*Problem description:* Would you please copy only the lines from the line that contains "Zane-de-Decker-statement---10-December-2020" to the end of the data below, exactly, leaving every picture out?

*Provided data:*
_ _ _

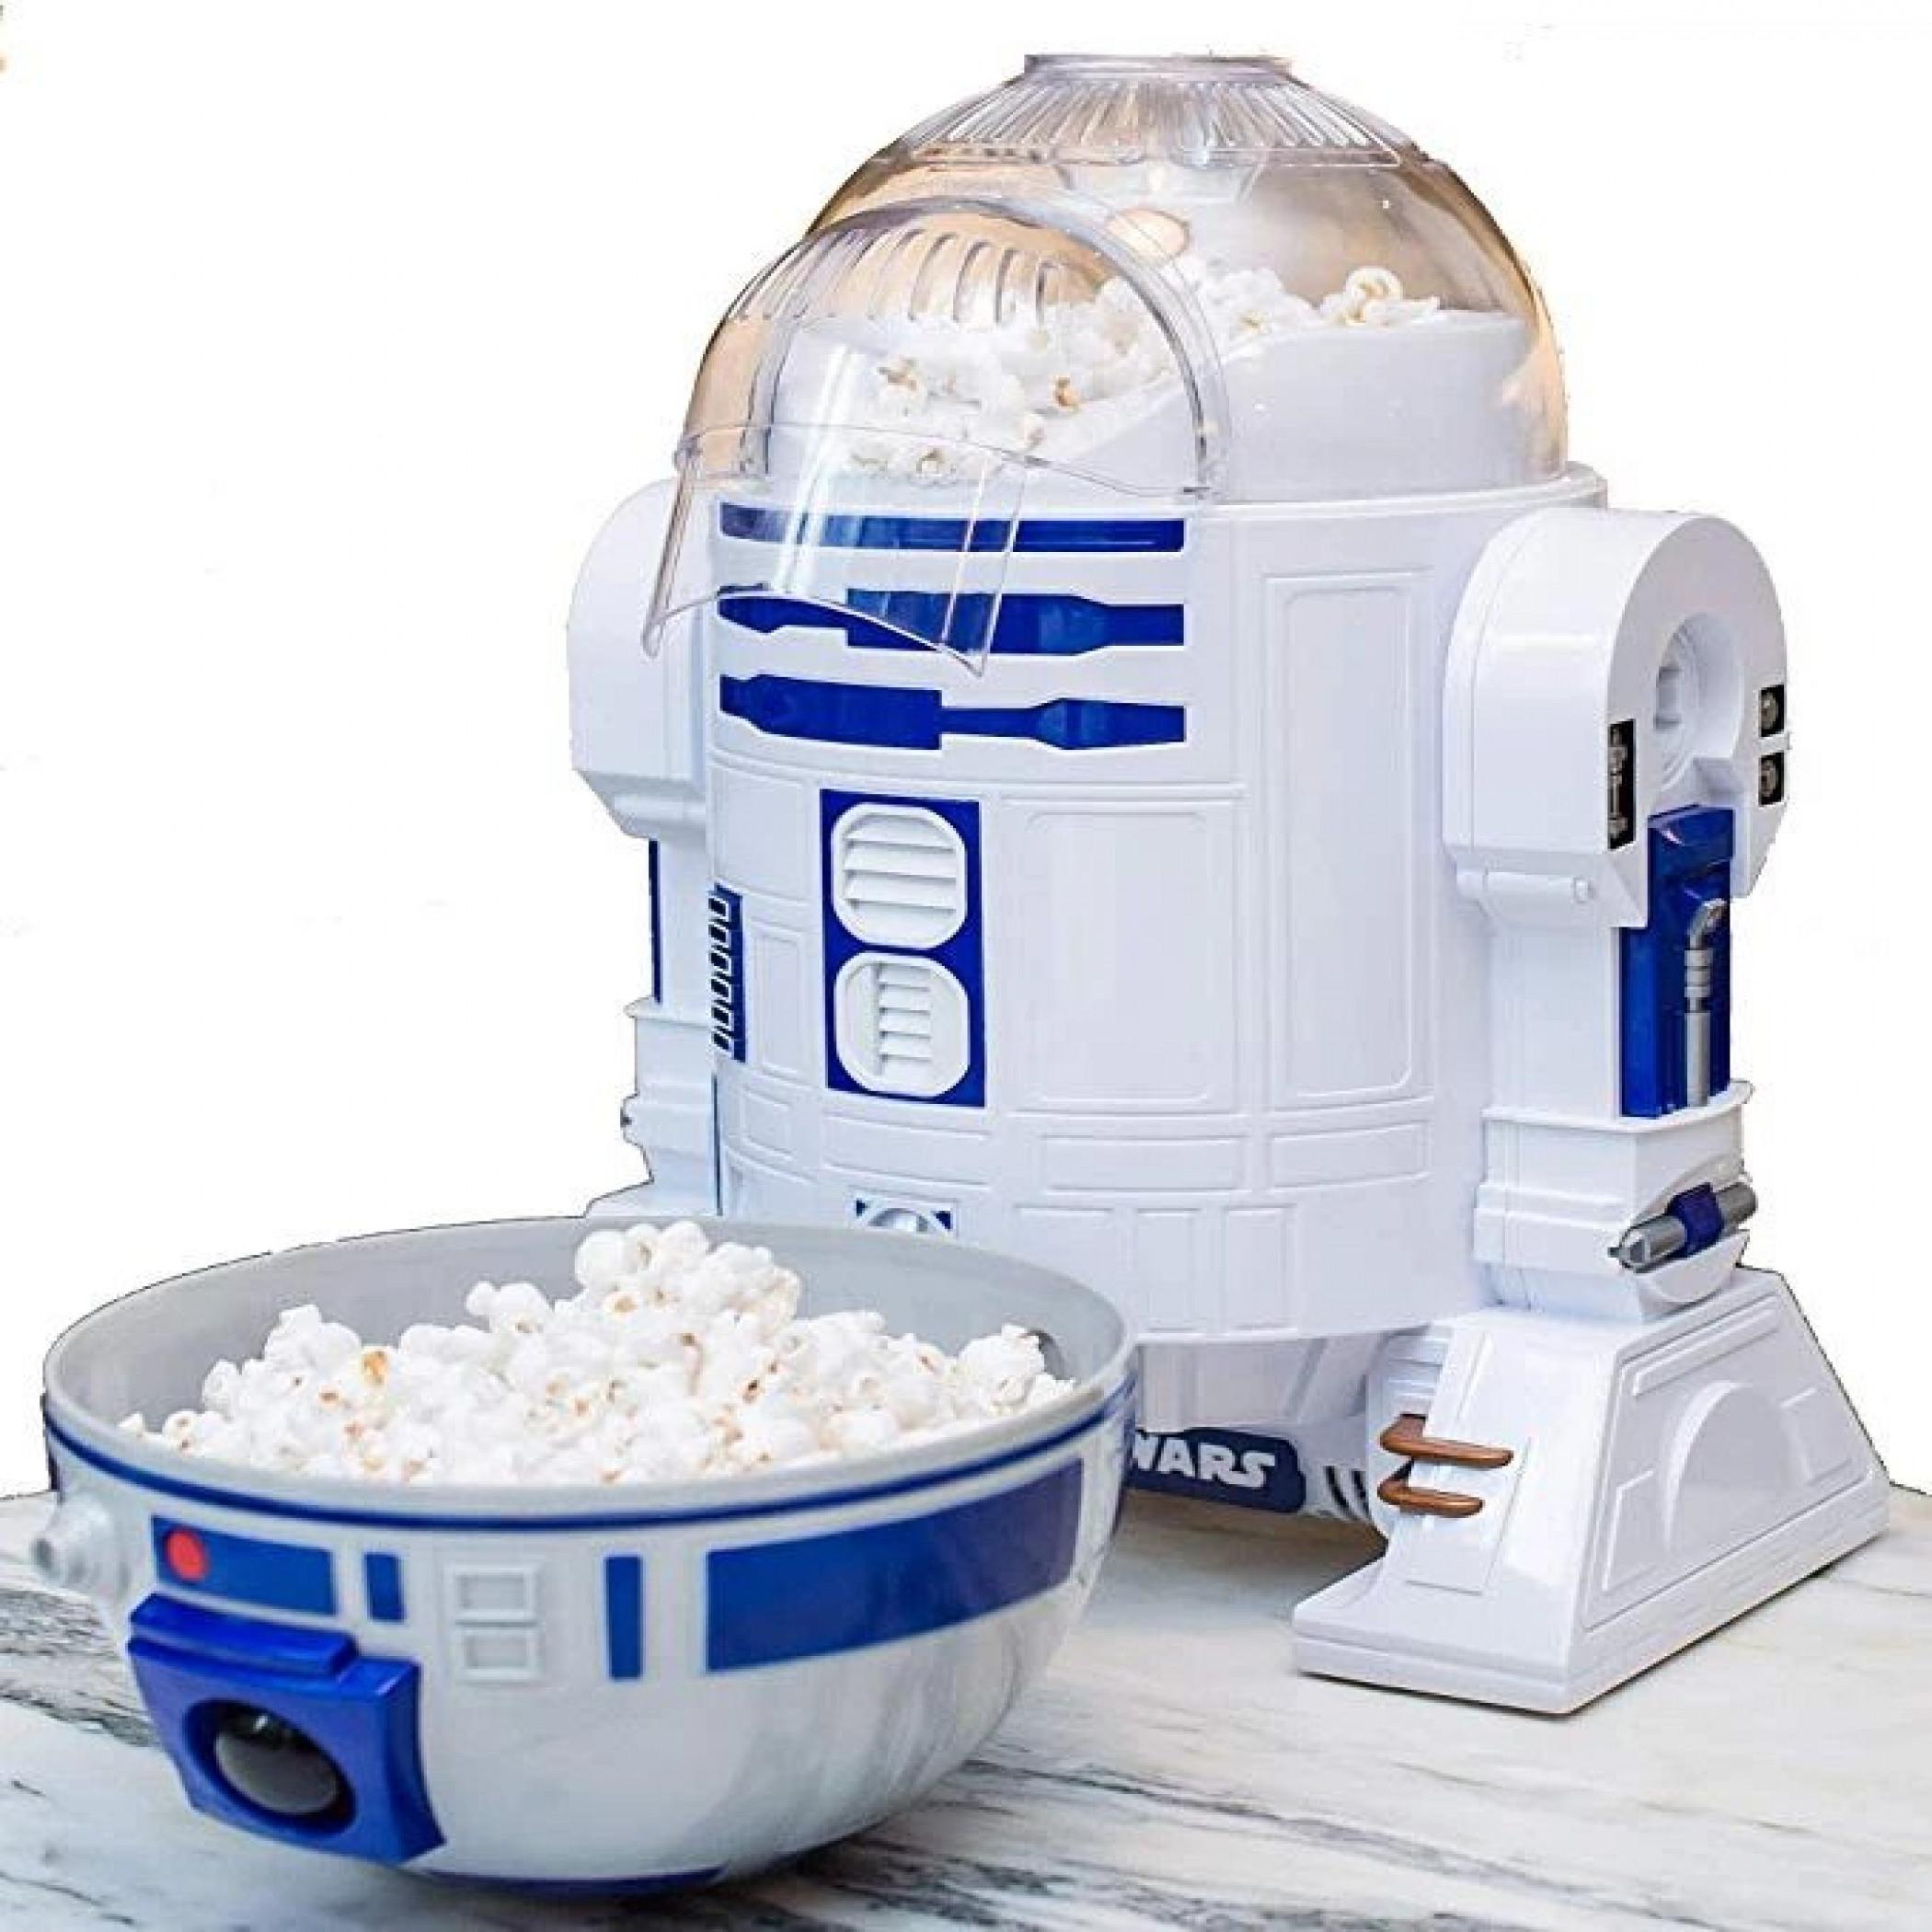 Star Wars R2-D2 Popcorn Maker
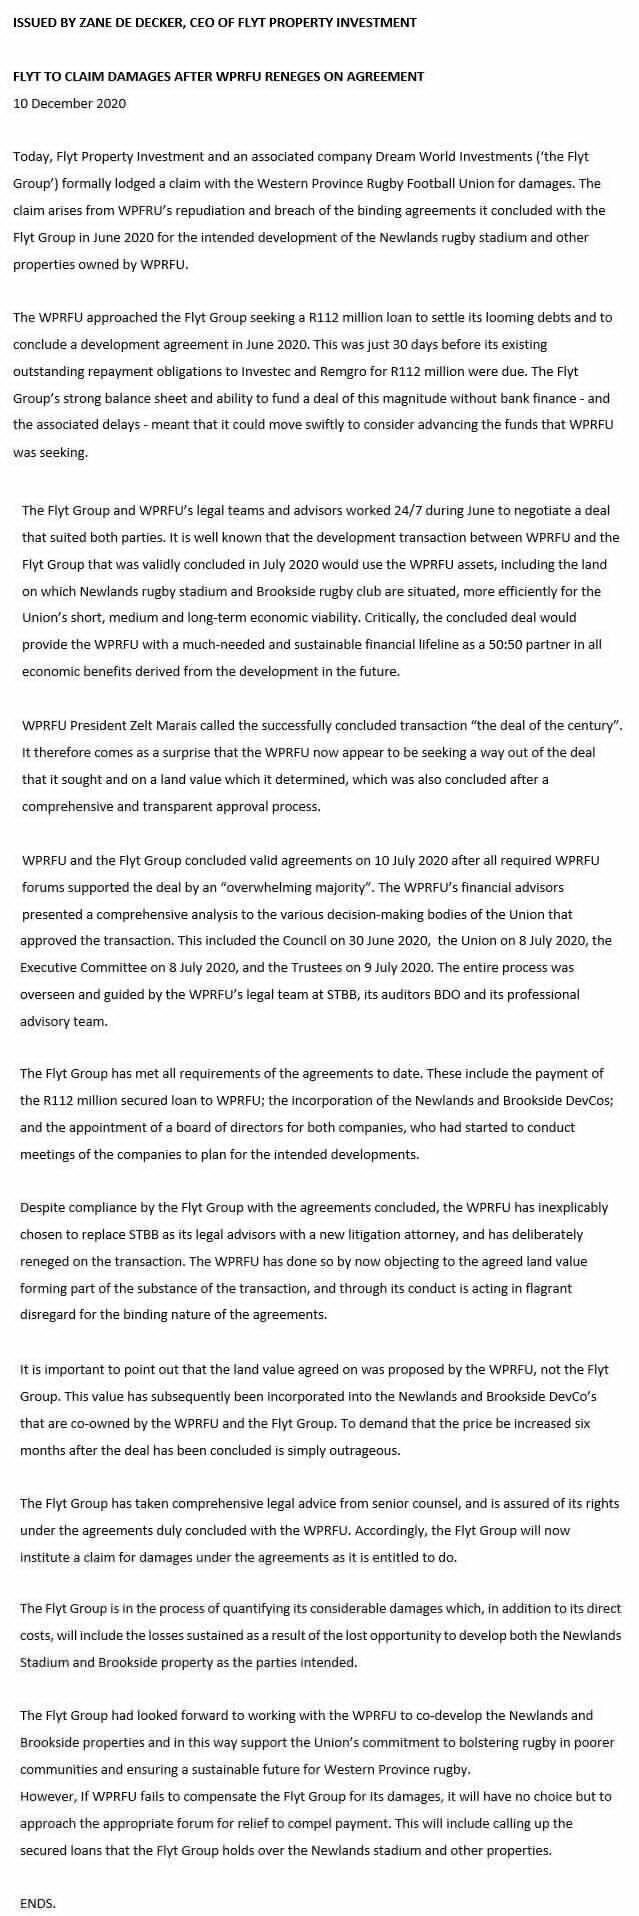 Zane-de-Decker-statement---10-December-2020
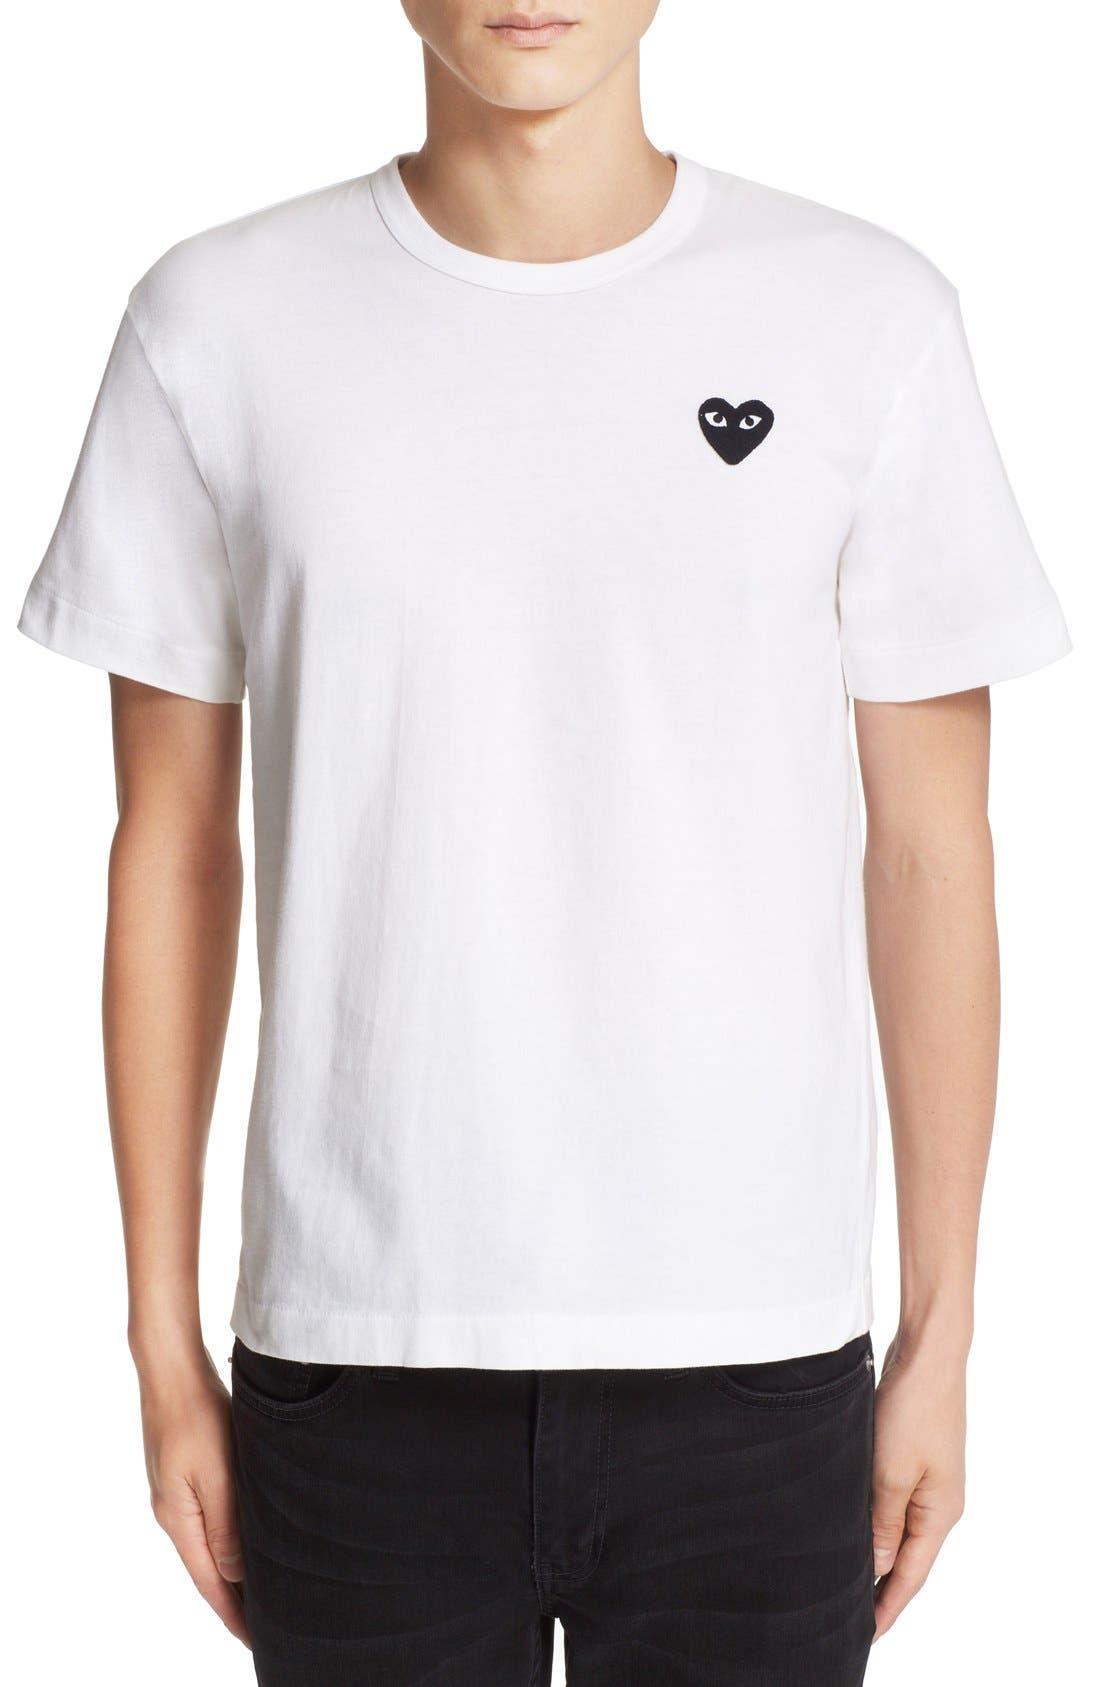 converse play t shirt

_ _ _

*Answer to this task:*
 Zane-de-Decker-statement---10-December-2020
 converse play t shirt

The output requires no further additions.